Die Frage, ob wir vor einer Pandemie mit unzähligen an Vogelgrippe erkrankenden und sterbenden Menschen stehen, lässt sich spätestens beim Blick auf die Todesopfer in Asien nur mit „nein“ beantworten: an der Vogelgrippe sind zwischen 2003 und August 2005 etwa 100 Menschen erkrankt, 57 Menschen davon starben. Die „Aviäre Influenza“ ist also in erster Linie – wie der Name schon sagt – eine Erkrankung der Vögel, nicht der Menschen. Im Vergleich zu den an Vogelgrippe gestorbenen Menschen fordert eine normale menschliche Grippewelle jährlich mindestens 150.000 Todesopfer.

Weitaus höher sind die Opfer unter den Tieren, jedoch nur eine geringe Zahl von Vögeln starb an der Vogelgrippe selbst: Hunderttausende von gesunden Tieren wurden „vorsorglich“ getötet, um eine eventuelle Ansteckung und weitere Verbreitung zu verhindern. Jeder noch so vage Verdachtsfall löst Massentötungen von Geflügel aus, bis ganze Landstriche vogelfrei sind; in der Türkei ging man sogar soweit, dass „vorsorglich“ selbst streunende Hunde getötet wurden, was jeder wissenschaftlichen Grundlage entbehrt.
Das Risiko einer weiteren Verbreitung der Vogelgrippe soll nun durch verschiedene Maßnahmen minimiert werden. Eine der Maßnahmen: ab dem 22.10. gilt in Deutschland eine generelle Stallpflicht für Geflügel, welche sich auf der Befürchtung begründet, Zugvögel aus Asien oder Russland können auf ihrer Reise das Vogelgrippevirus mitbringen. Würde ein infizierter Zugvogel, z.B. eine Gans über ein deutsches freilaufendes Huhn fliegen und darauf koten, bestünde die Möglichkeit der Übertragung.
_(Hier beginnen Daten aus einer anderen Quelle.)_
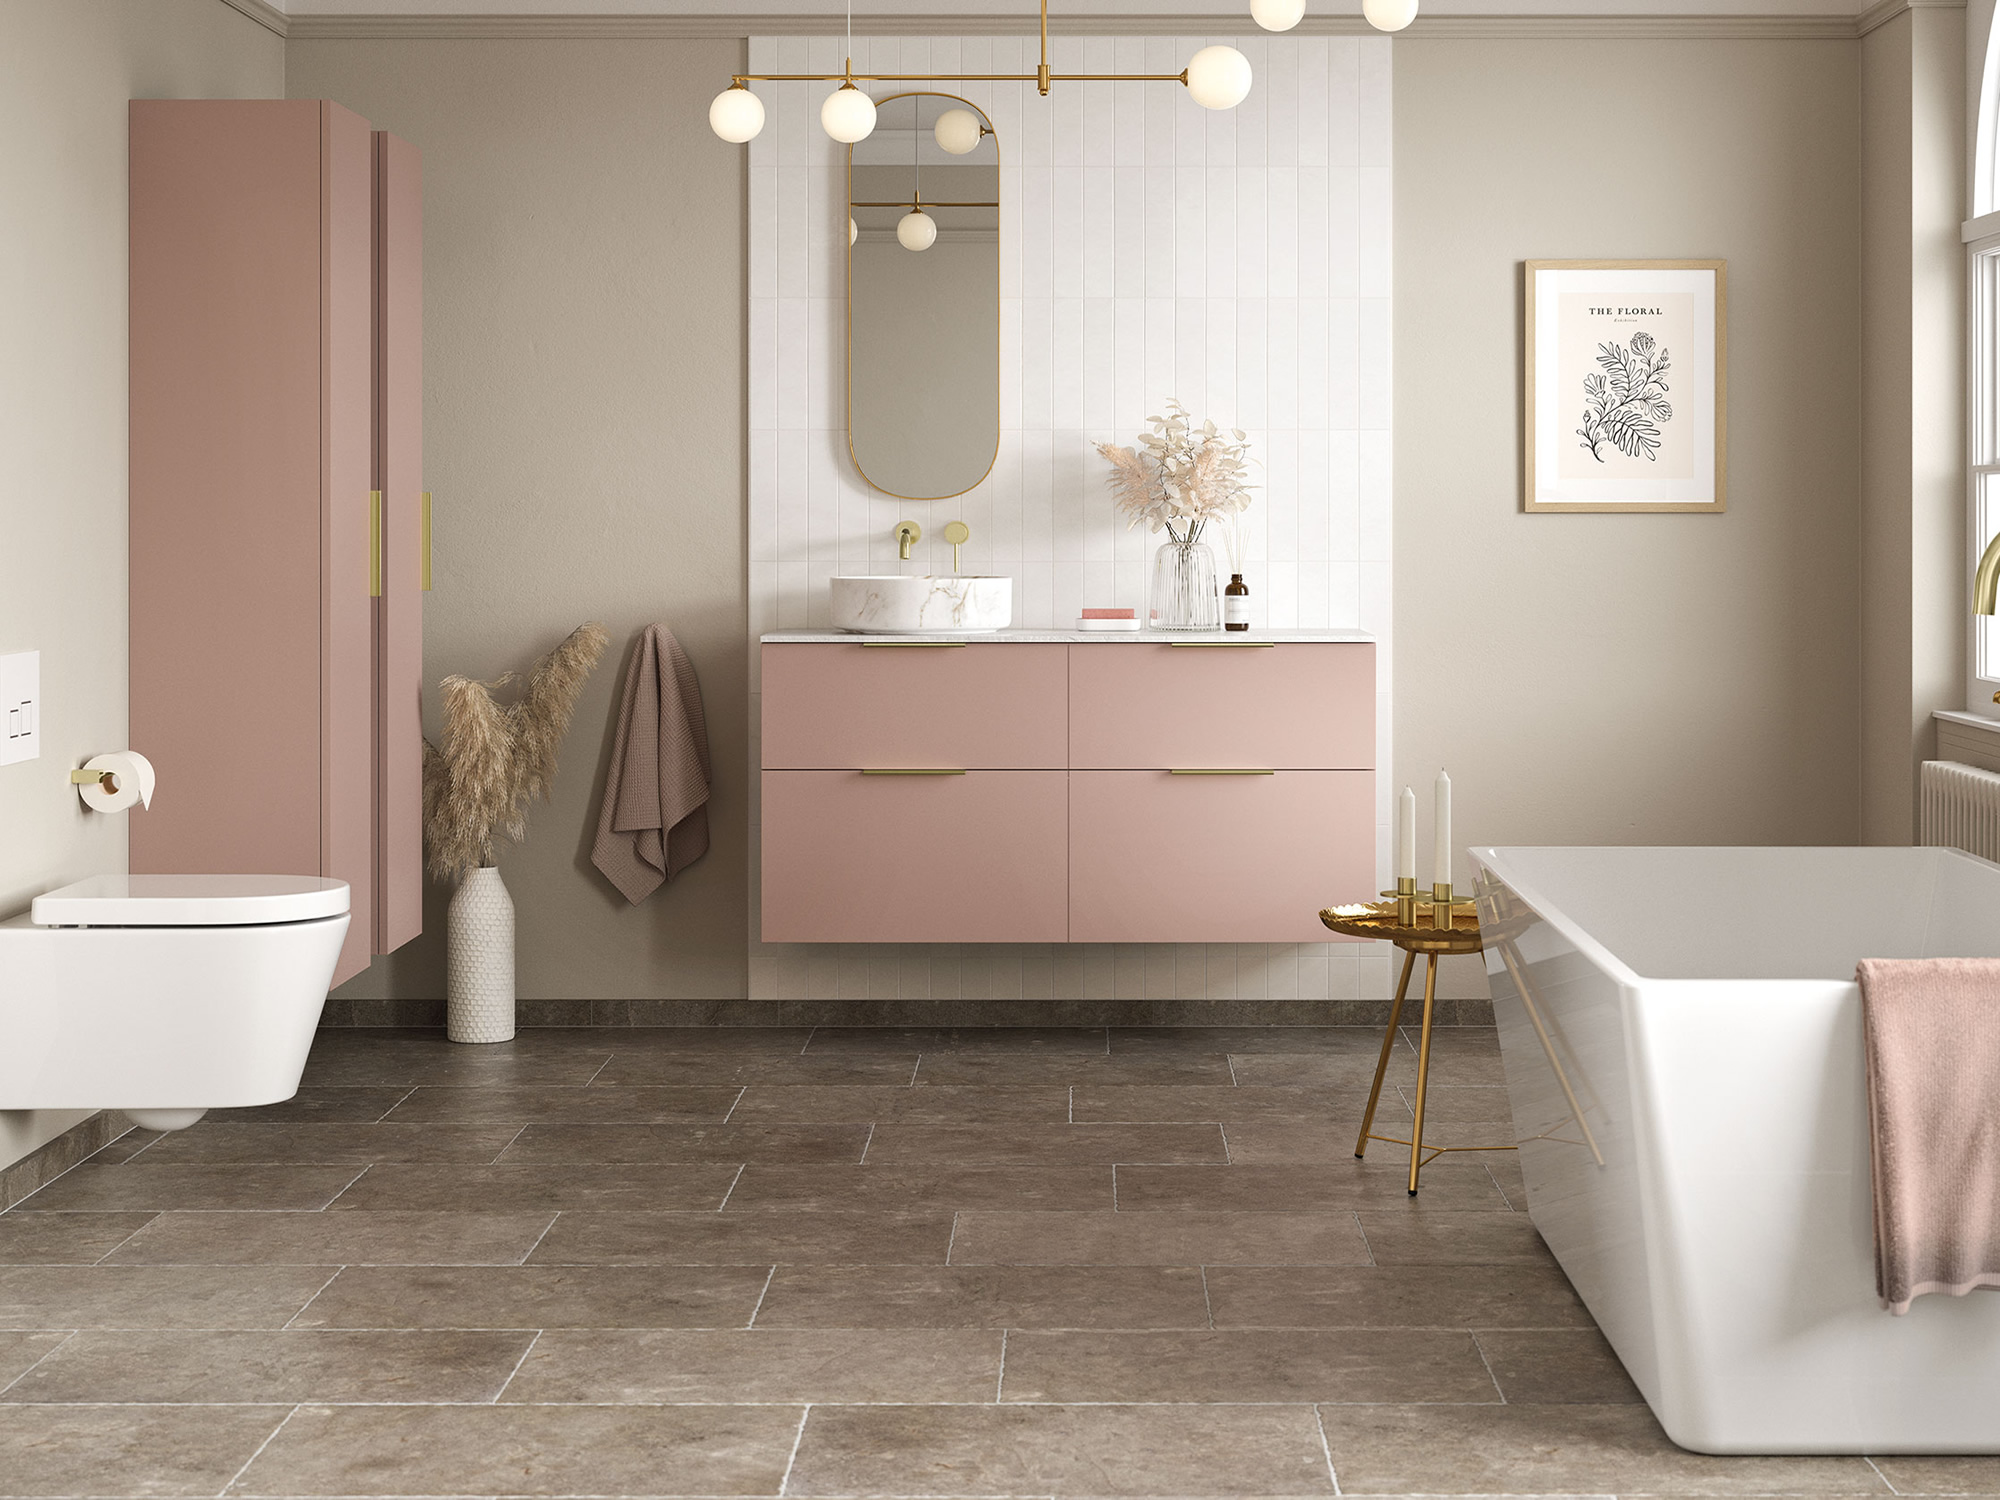 Design Apri Indigo Bathroom

Die Stallpflicht für Hühner, Gänse, Enten, Puten und anderes Geflügel ist umstritten, da die Wahrscheinlichkeit einer Infektion durch Zugvögel als sehr gering einzuschätzen ist: Zum einen bedingt durch die Flugrouten, zum anderen weil Wildvögel auf ihrem Zug Rastplätze wählen, die fernab menschlicher Zivilisation und somit auch fernab des Nutzgeflügels sind. Der Sinn der Stallpflicht, die vorerst bis Mitte Dezember gelten soll, bleibt vor diesem Hintergrund äußerst fraglich. Hier geht es nicht um den Schutz von Tieren, sondern in erster Linie um die Wahrung der Interessen der Geflügelindustrie, für die ein Auftreten von Vogelgrippe immense wirtschaftlichen Verluste bedeuten würde – bedingt durch die starke Konzentration der Geflügelhaltung. Ein Verdachtsfall von Vogelgrippe in einer Legebatterie kann den Tod von Hunderttausenden von Hühnern mit sich bringen, welche aus Seuchenschutzgründen ‚vernichtet’ werden würden.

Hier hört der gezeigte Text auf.